Patrachar Vidyalaya Delhi - Patrachar School was established in 1999 for those students who drop out from schools due to any reason.
Patrachar Vidyalaya
Patrachar Vidyalaya Shalimar Bagh


Neha Singh said...

Escort Service in Gurgaon
Do you need a Call Girls in Gurgaon to give you the real pleasure of your life, well, if you revert in affirmative, in that case, you are at the right place. We are a stupendous track record of providing the best girls that would completely take the evening of yours by storm, so to avail them all you need to do is just call and we will provide the best at the right price.

Dipika Padukon said...

Call Girls in Gurgaon
Are you looking for escort service in Gurgaon, we provide the best that would completely transform your experience.

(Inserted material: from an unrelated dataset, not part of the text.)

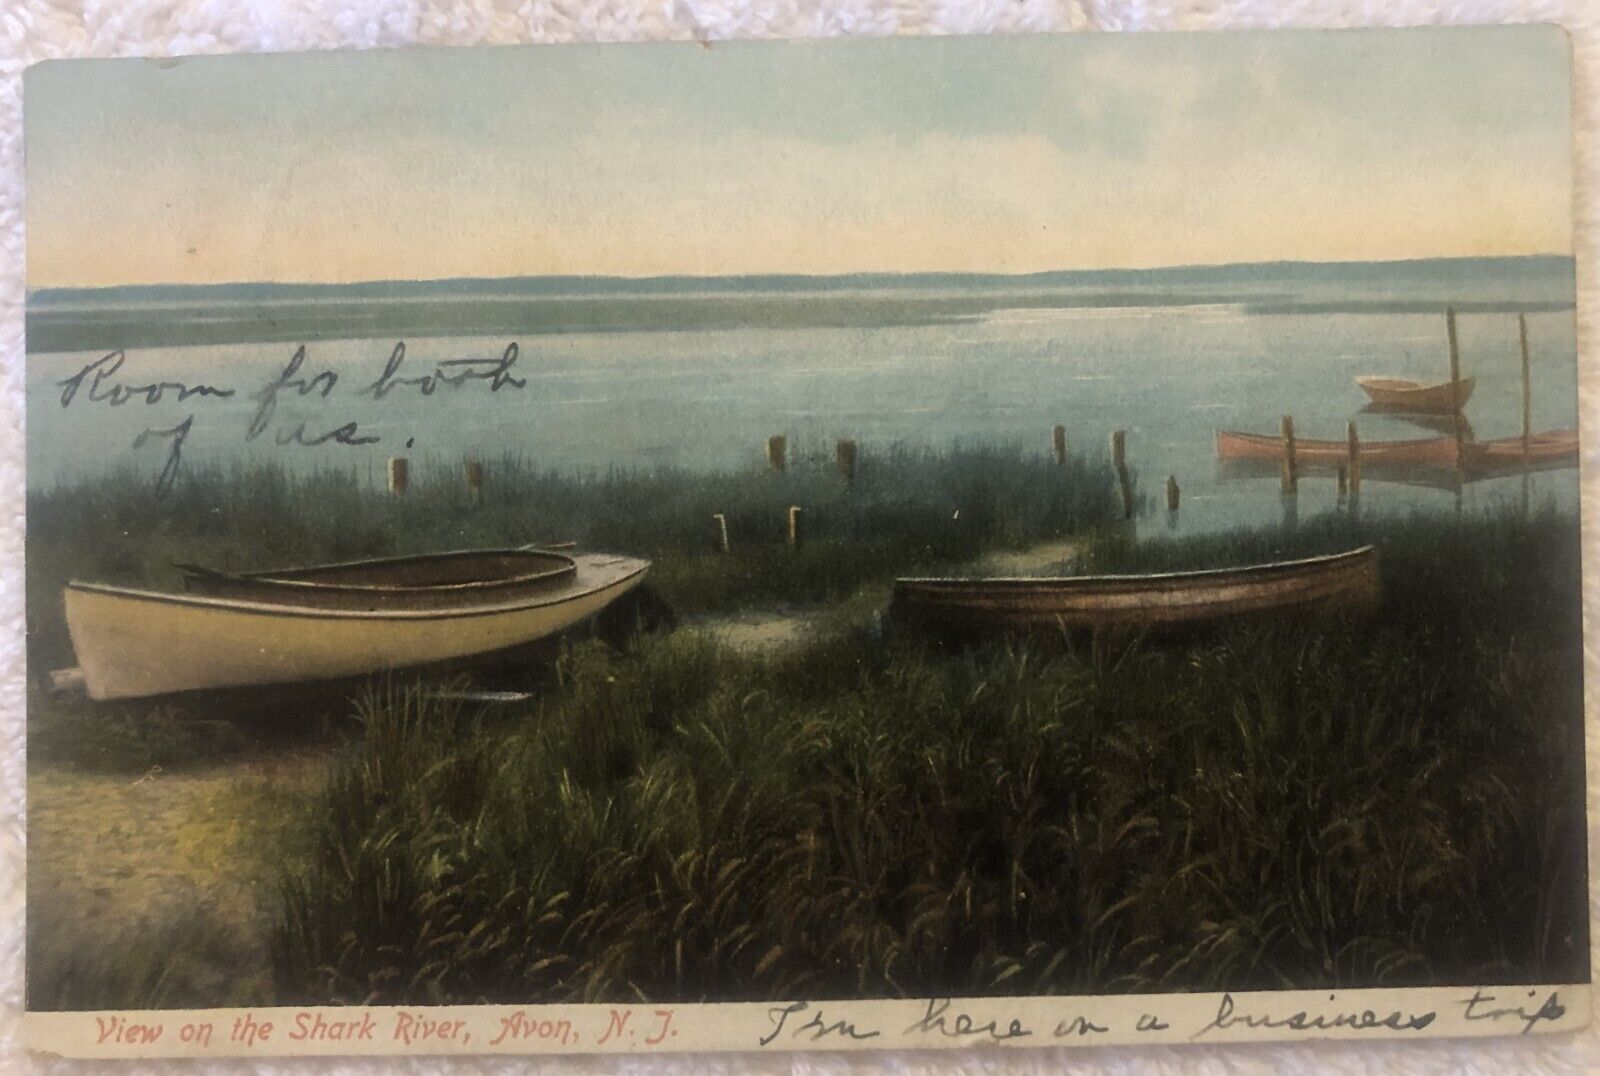 Vintage Post Card Shark River, Avon N.J. Posted 1910, Litho Chrome

Our escorts are trained meticulously to deliver best service that you are looking for.

Roshni Kumari said...

Female Escort in Gurgaon
If after a busy business tour, you are looking to ignite the evening then our Call Girls in Sohna Road are there to help you in the best way. We provide the service that would completely take away your work stress and revive you from within. So, why wait when you can get the best feeling of love at cost-effective prices. The escort service that we deliver in Sohna Road is among the best that you can get at the rates that we offer. We provide the best girls that would completely satiate you from each and every angle. So, visit us today and take your experience to a new level.

Annu Devi said...

Call Girls in Mahipalpur
If you have come from the West and you are captivated by the Asian beauty, in that case, we make sure that you get the best Call Girls in Aerocity to help you taste the Asian flavor in the best way. At Aerocity, we make sure that you are getting one heck of an experience with our girls. So, no matter whether it is official meeting or bachelor party, we are there for all your needs.